=== TASK DIRECTIONS ===
Exact transcription with no images: write out all of the entries below.

=== TASK INPUT ===
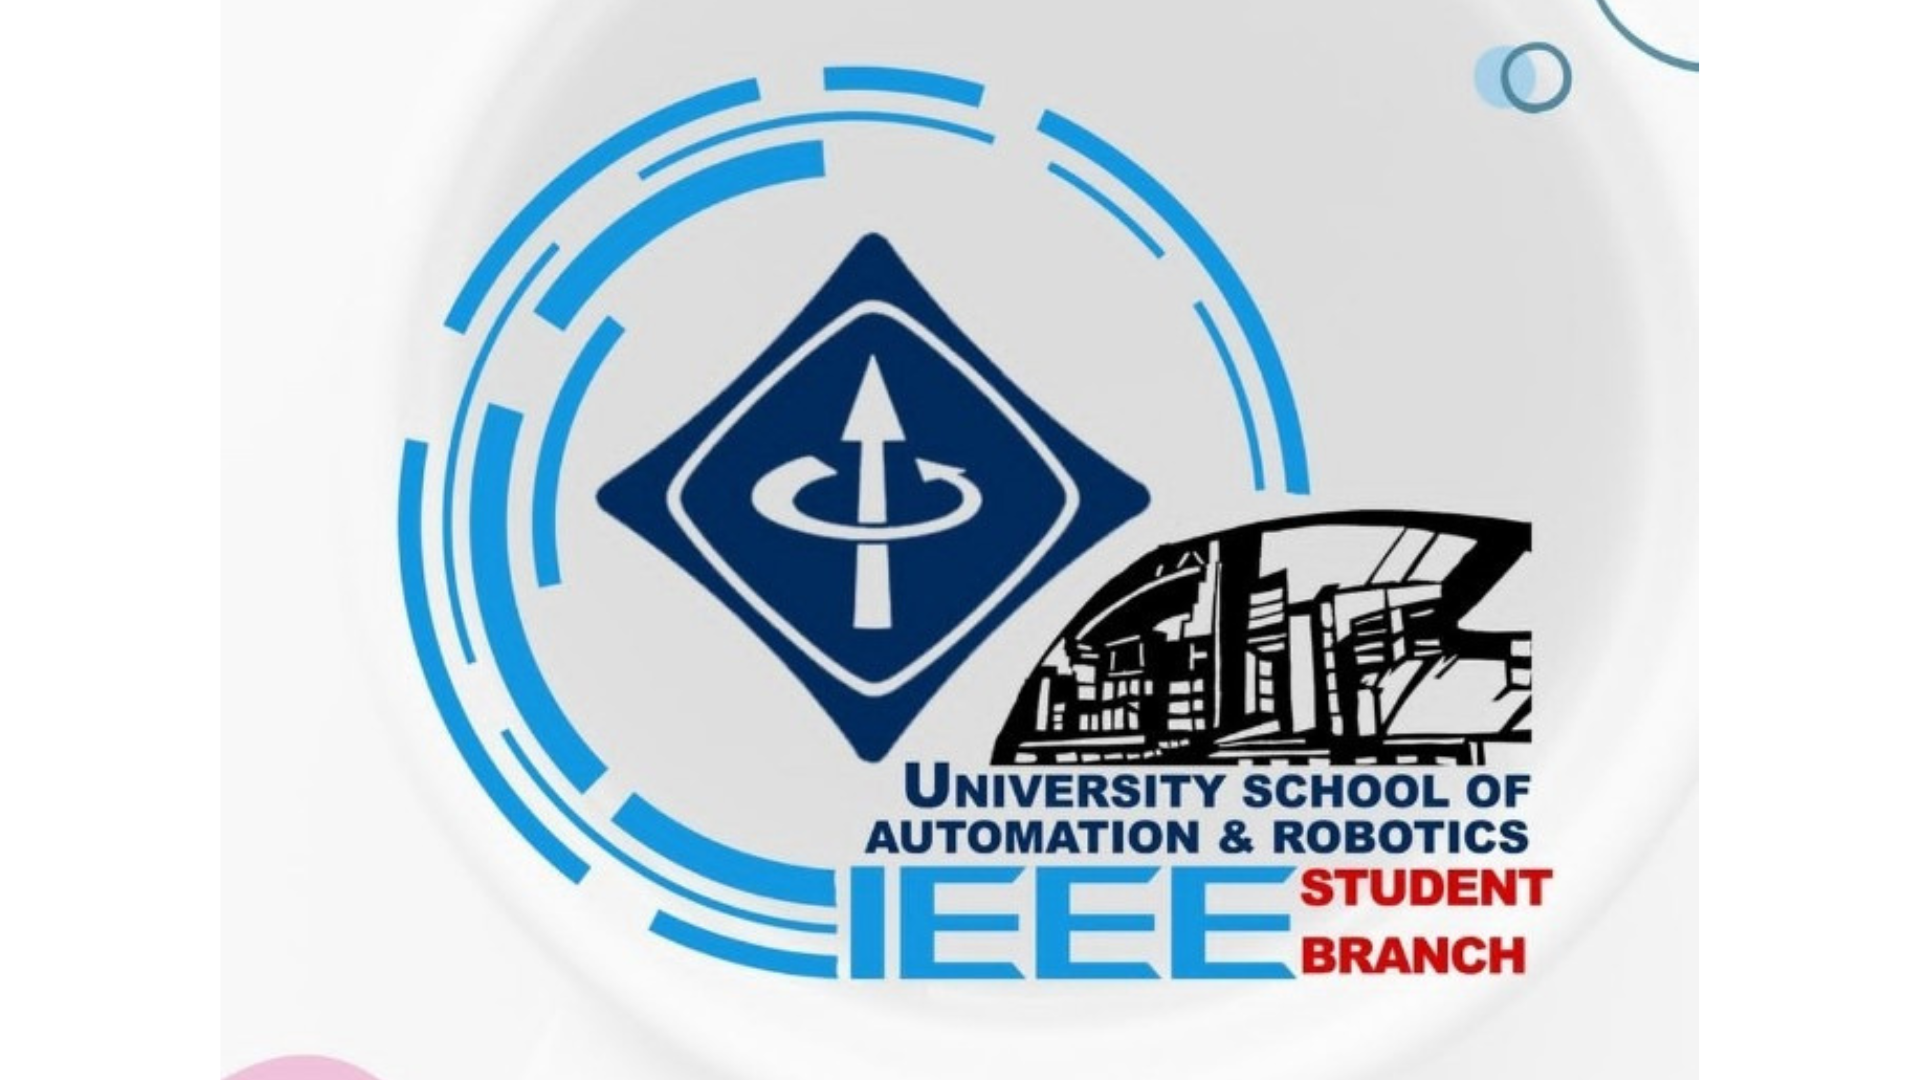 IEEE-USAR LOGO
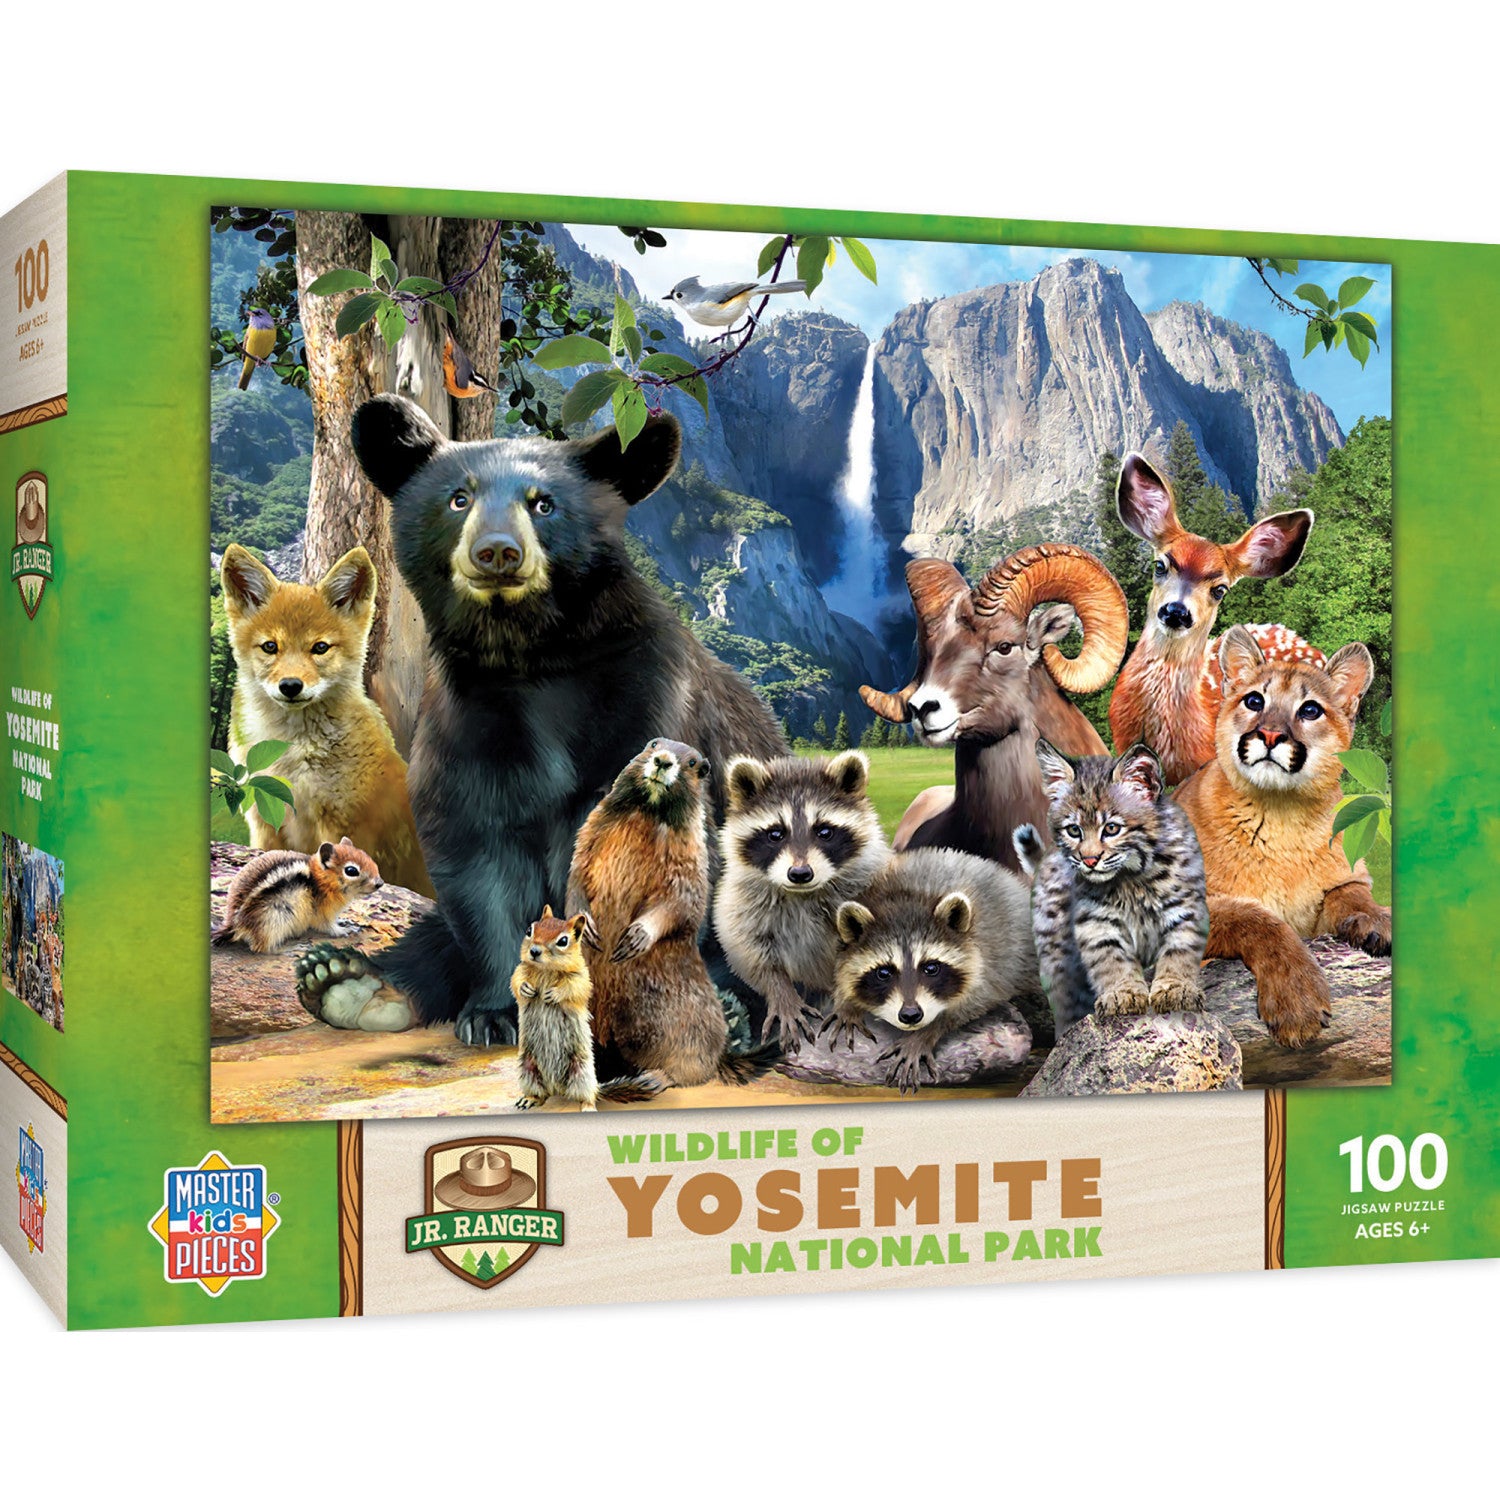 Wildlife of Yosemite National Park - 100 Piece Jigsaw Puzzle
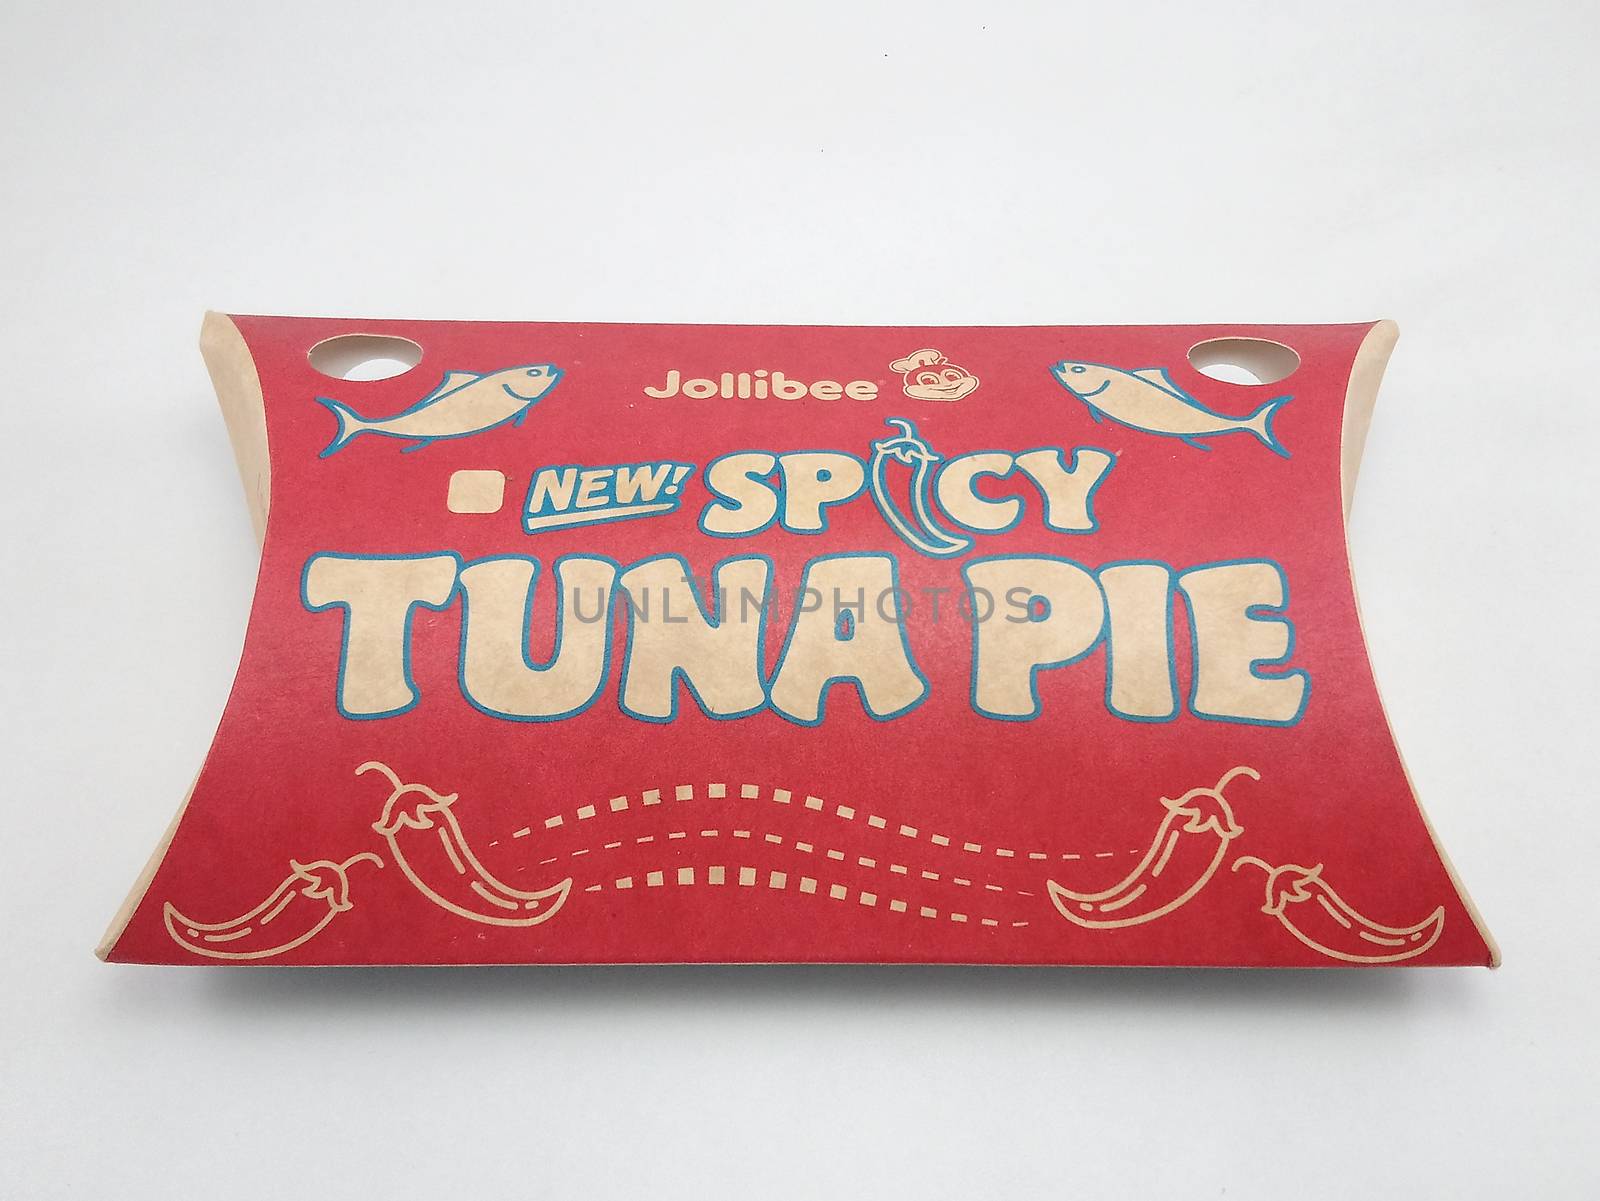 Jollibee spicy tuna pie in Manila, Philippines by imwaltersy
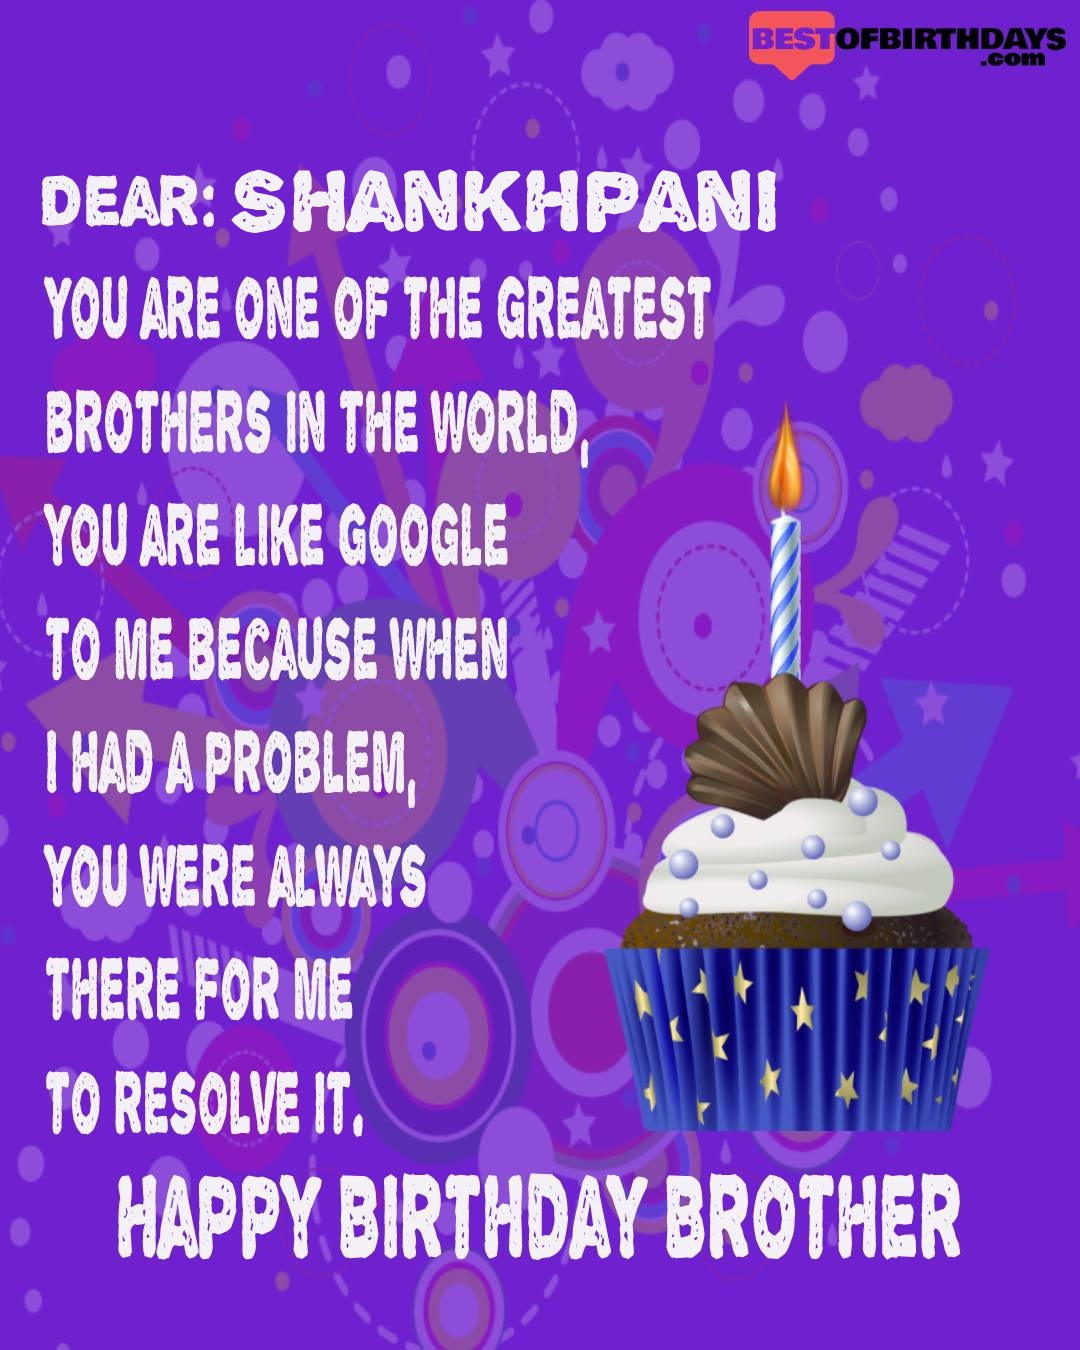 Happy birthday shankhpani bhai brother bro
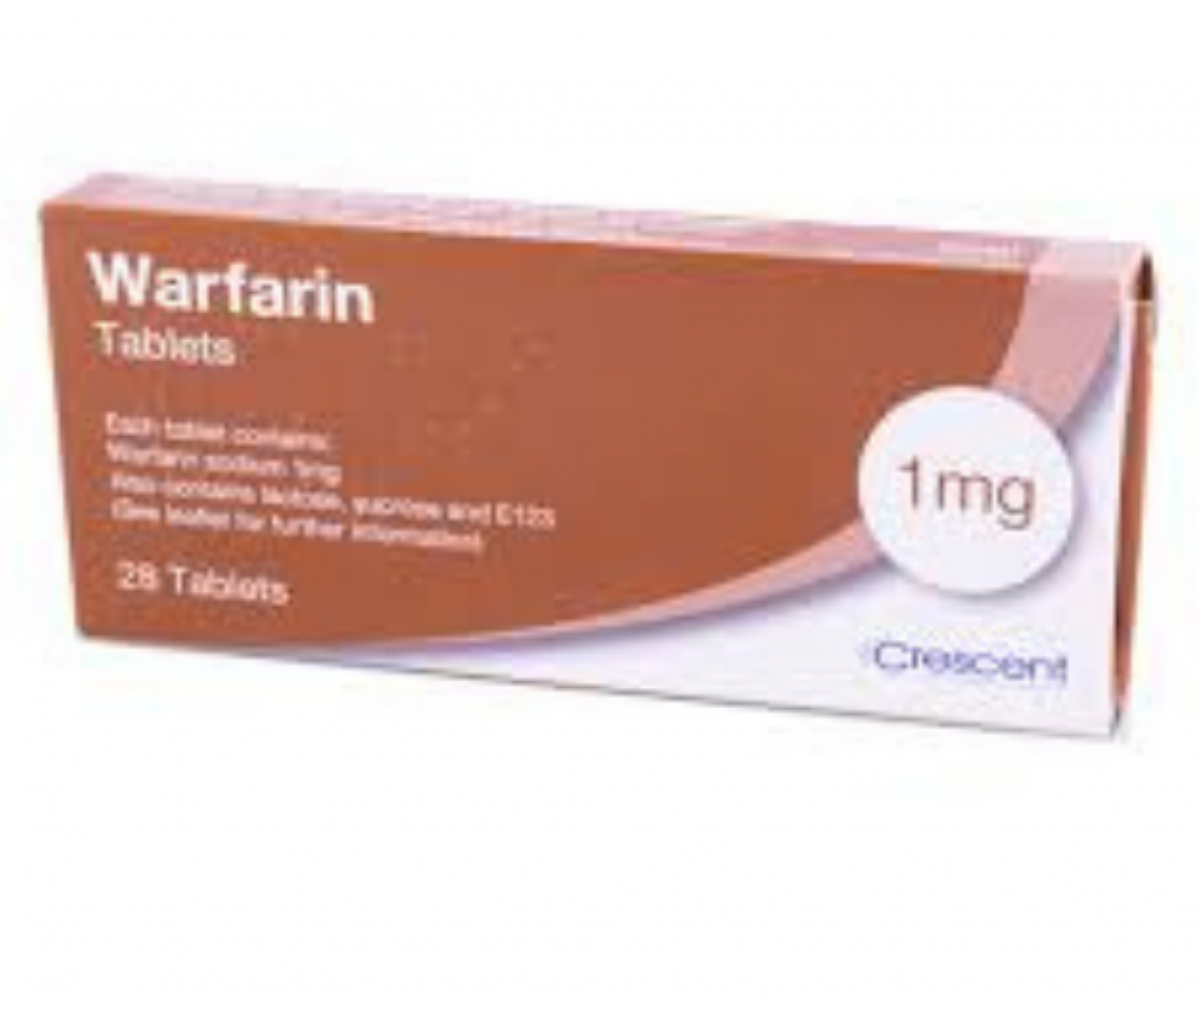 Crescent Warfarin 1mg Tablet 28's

=== ANSWER SPACE ===
 IEEE-USAR LOGO
 Wildlife of Yosemite National Park - 100 Piece Jigsaw Puzzle
 Jollibee spicy tuna pie in Manila, Philippines by imwaltersy
 Happy birthday shankhpani bhai brother bro
 Crescent Warfarin 1mg Tablet 28's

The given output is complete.